Delivery of the various components will be done online (details will follow) and the deadline will typically be on Mondays at the time the course starts.

You are allowed a total of 10 late days. Each late day extends the deadline for delivering a project component by 24 hours. No excuse needed and no penalty will be imposed. You may distribute the late days as you wish, i.e., you could even use all late days for just a single deadline. If you do not have any late days left, then for every day you are late, you will lose 20% of the grade for this course component.

We will regularly assign extra tasks or you can come up with your own extra tasks for the various components of the running project. With these extra tasks you gain extra points.

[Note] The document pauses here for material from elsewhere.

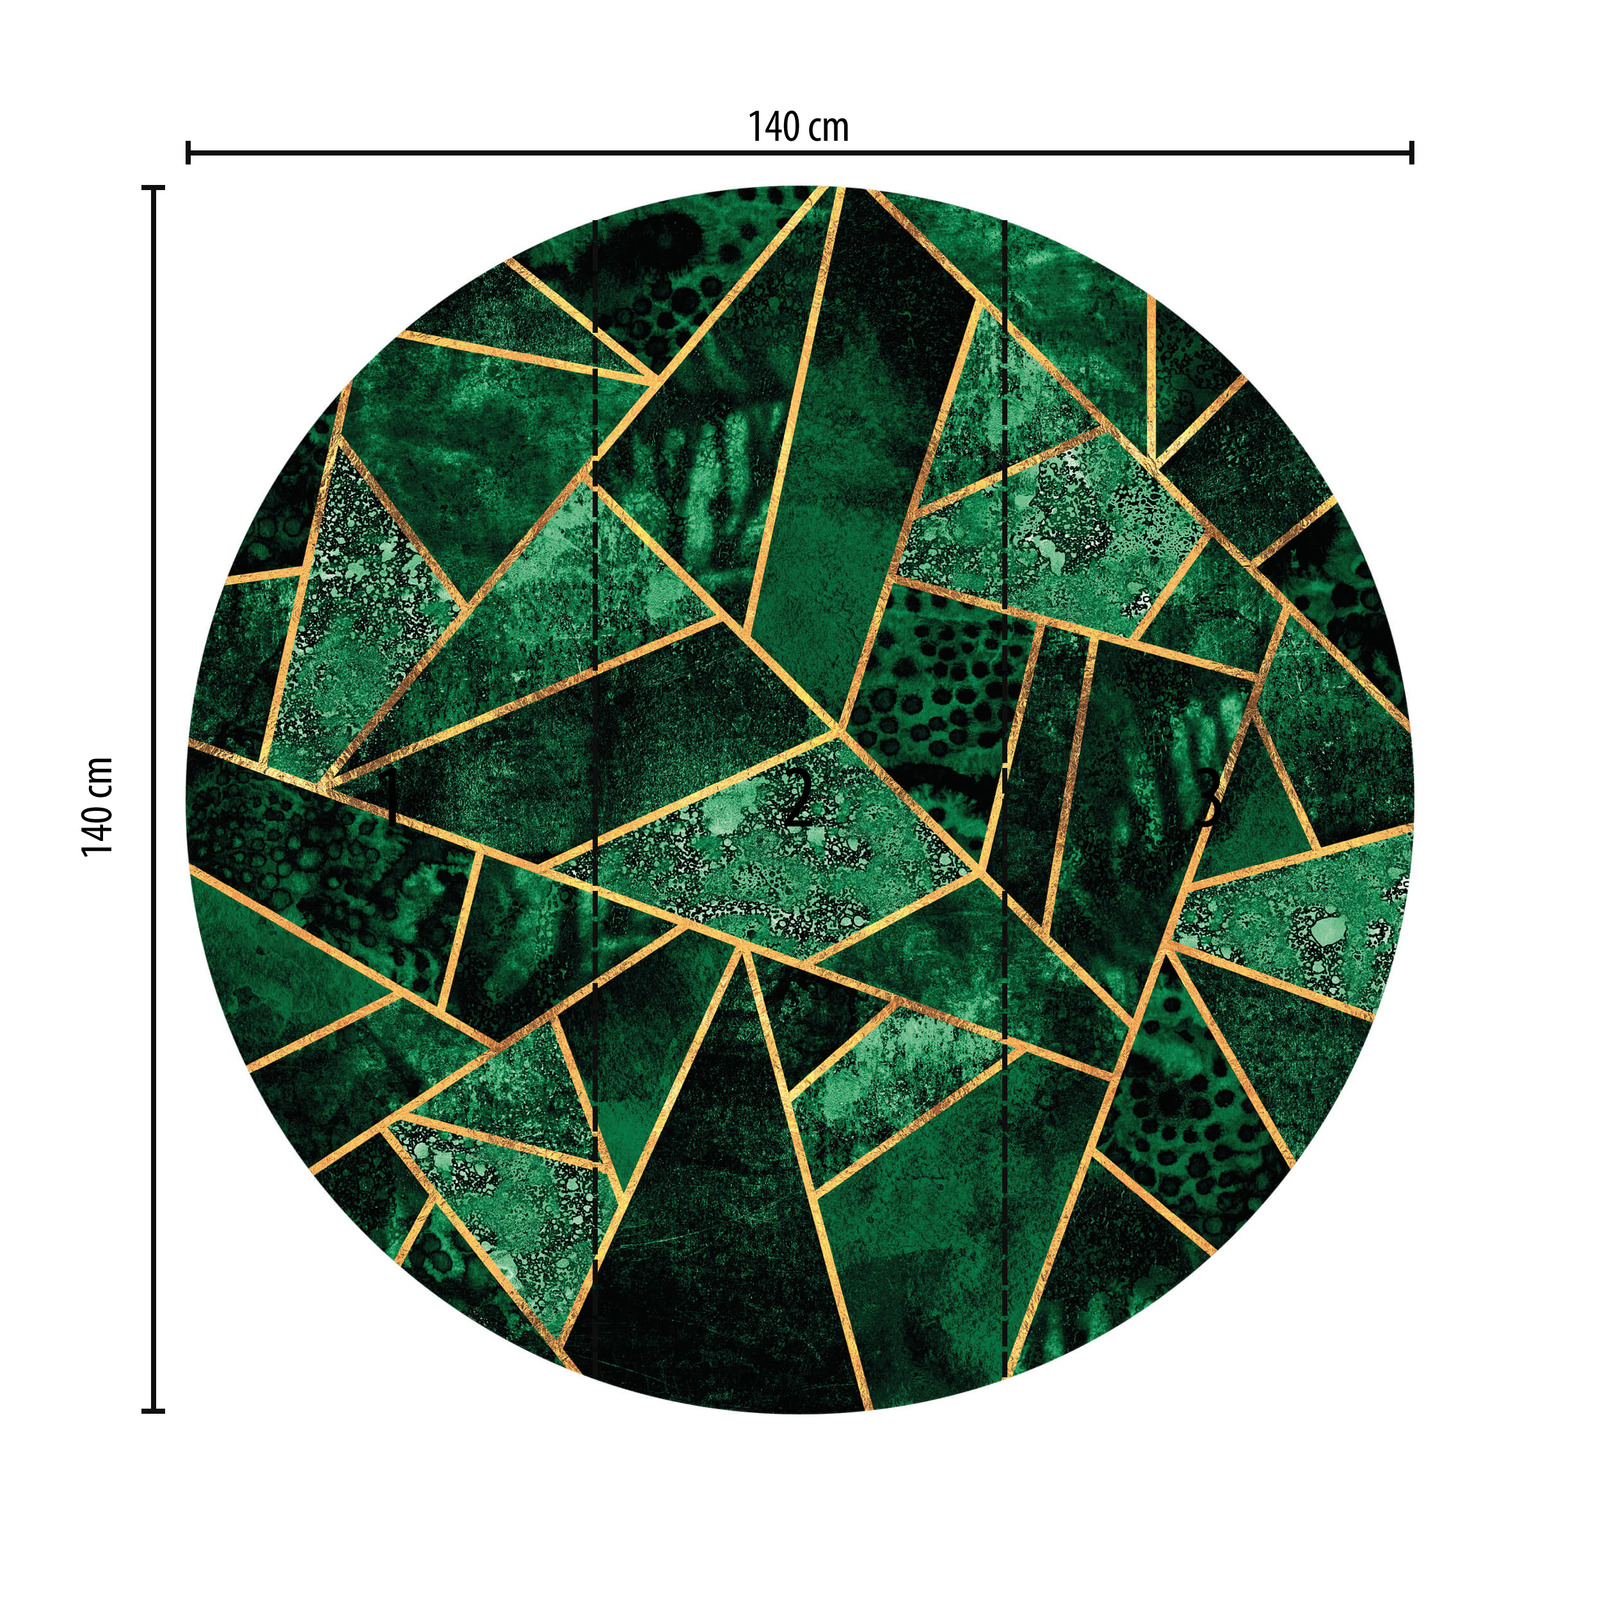             Fotomurali forme geometriche rotonde, verde
        
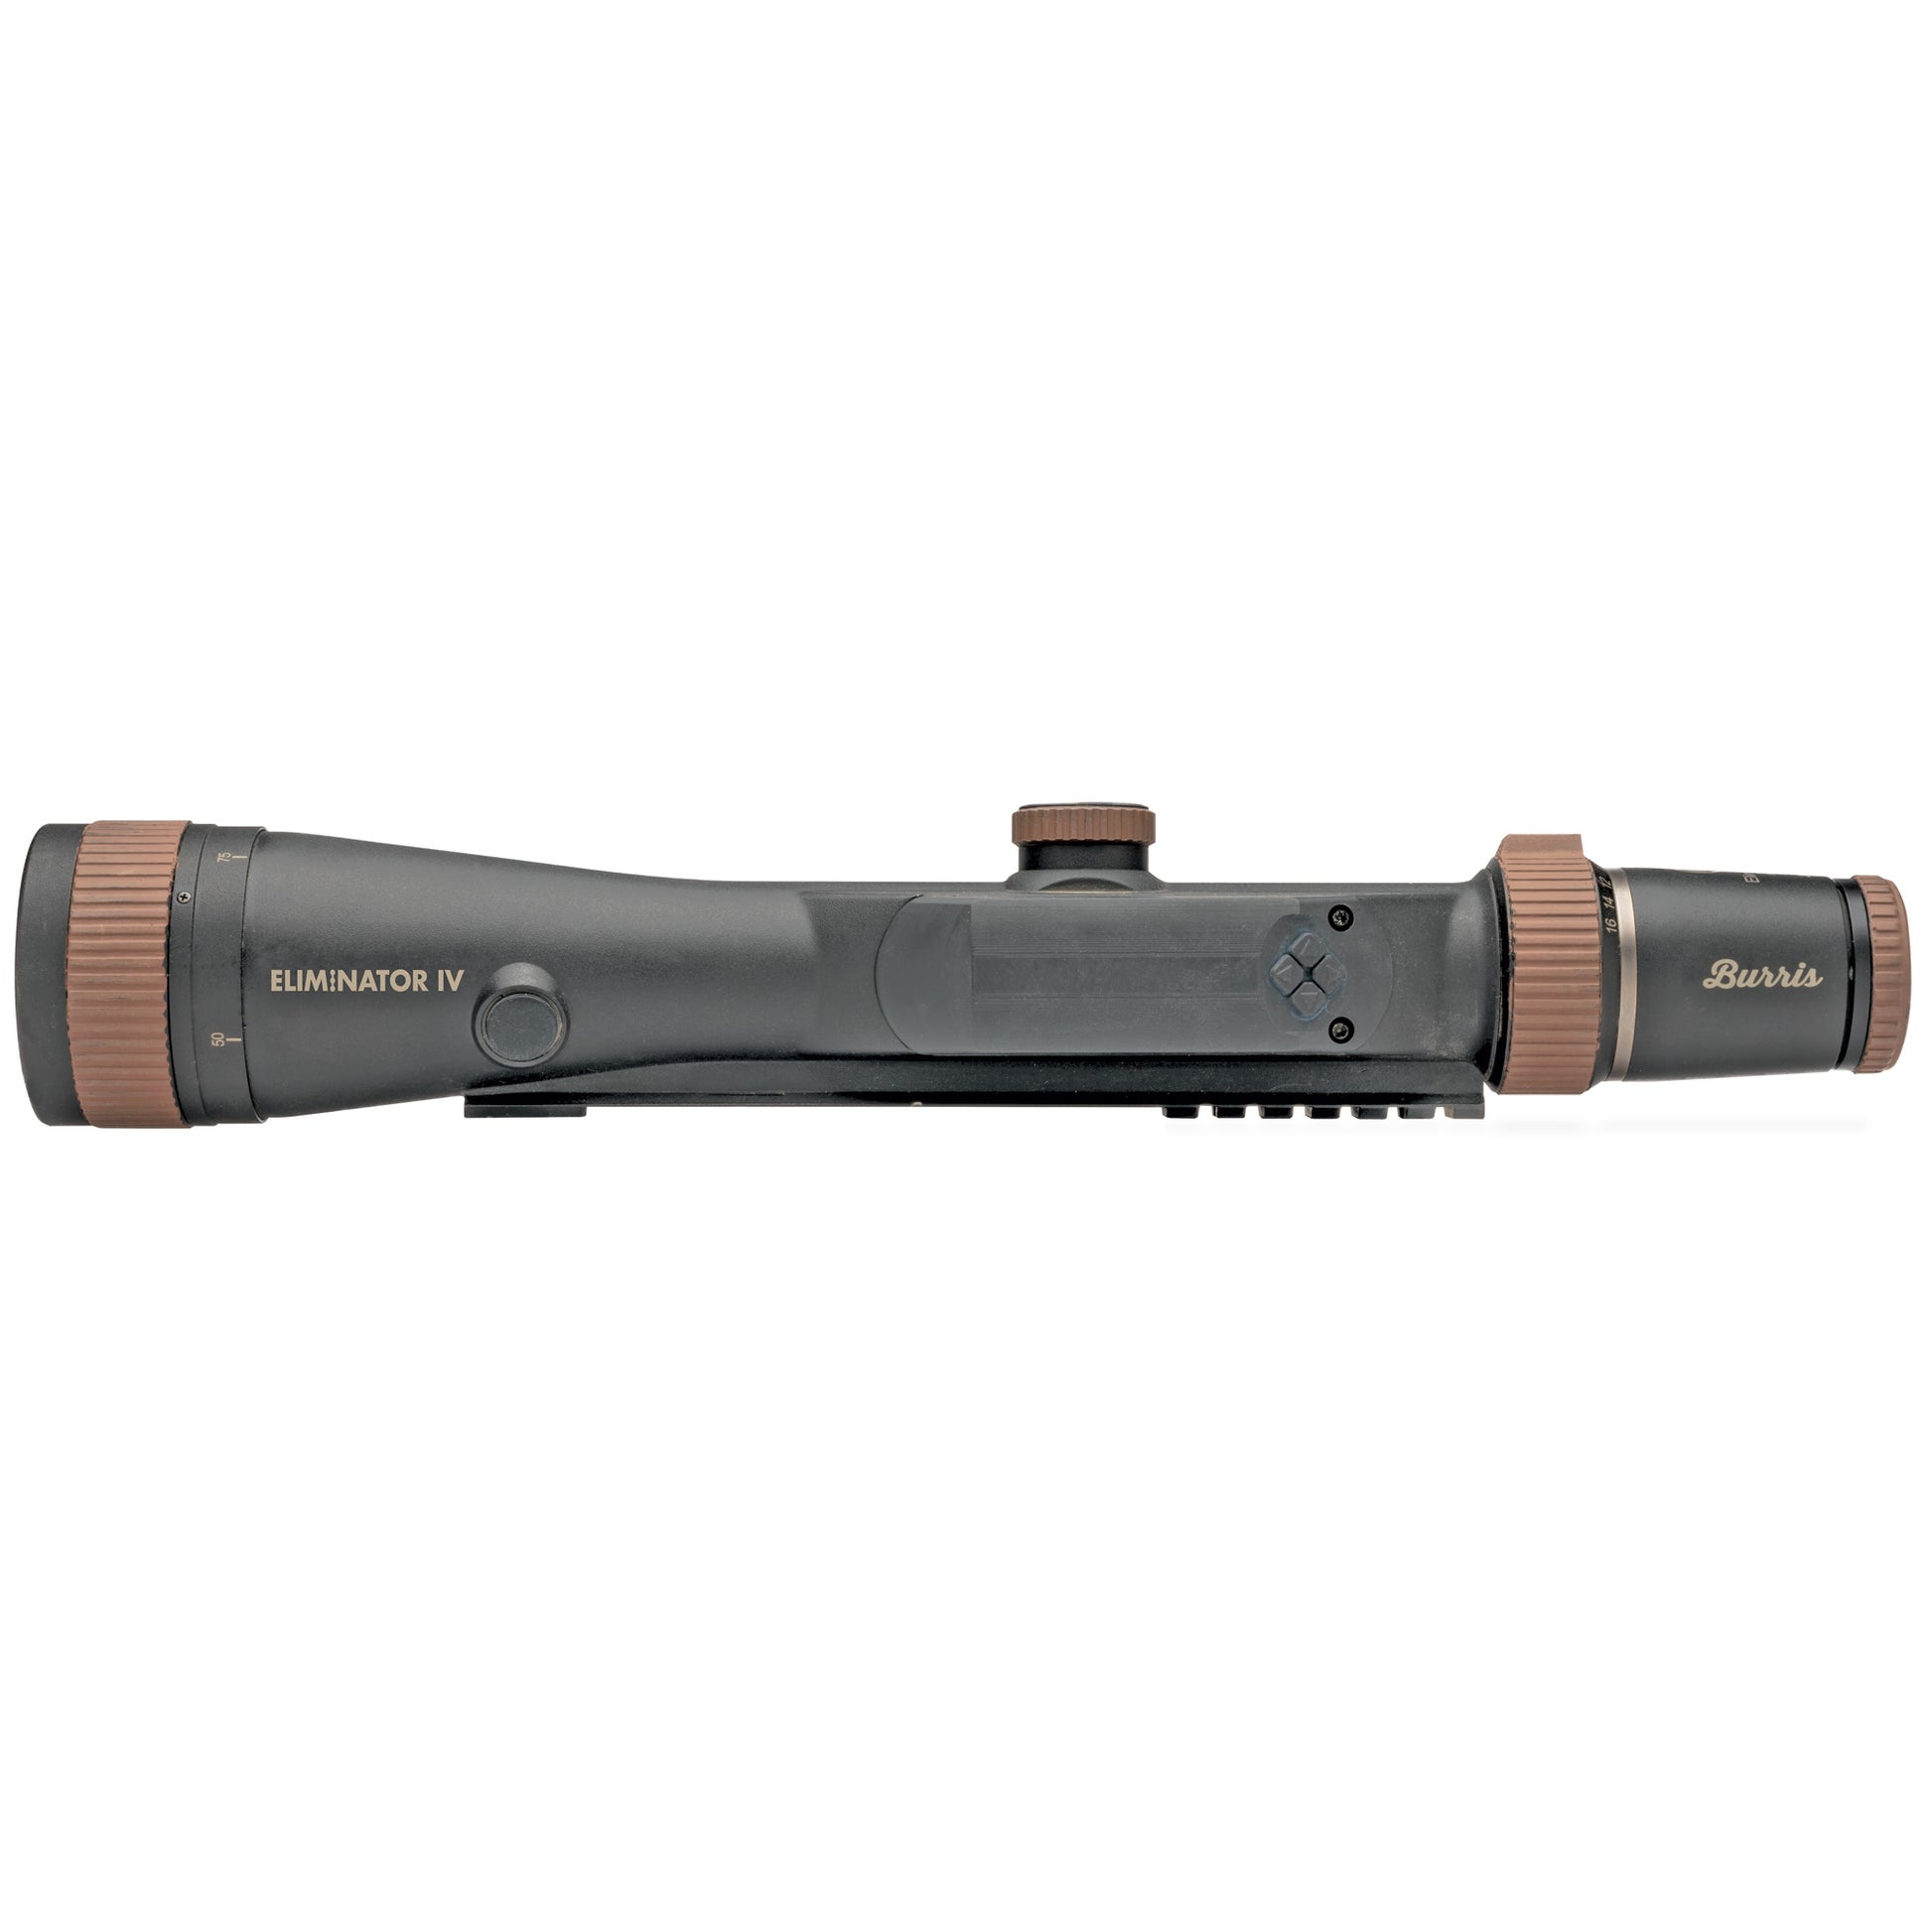 Burris Eliminator IV Rifle Scope 4-16X50mm X96 Range Finder & Scope 200133 - California Shooting Supplies

The best 5 overall projects will gain additional extra points. "Best" is defined in terms of elegant system design, code quality, system efficiency and documentation.

**Quizzes**

We will do several (quick) quizzes during class.

**Final project**

Towards the end of the course we will have time for a final project. You will have about a full month. We will provide ideas for projects but you will also be expected to come up with your own project ideas given what you learned in the class. Each project will be judged individually depending on its complexity. You will have to deliver both the system as well as a technical report which will state clearly the problem, the motivation, the solution as well as related work in the same style as some of the research papers we will see in the class. Before each project starts there will be a design phase where you will deliver a report with the problem statement, motivation and the design. During this phase you will work with the instructor to define your project idea as well as the possible design and implementation solutions. Each project group may consist of up to 5 students. The final report as well as the initial design report should clearly explain the responsibilities of each group member. No late days will be granted. The best 3 projects will receive extra points. "Best" is defined similarly to the running project with the additional element of judging the project idea and motivation.

**Assessment and grading**

- Running project/Homework: 40%
- Quizzes and class participation: 15%
- Midterms (2): 20%
- Final project: 25%
- Extra points: Extra tasks for the running project: 10%
- Extra points: Best projects: 10% (5% running project + 5% final project)

**Online discussions**

We will set-up a Piazza forum where you will be able to ask questions and discuss issues related to the course.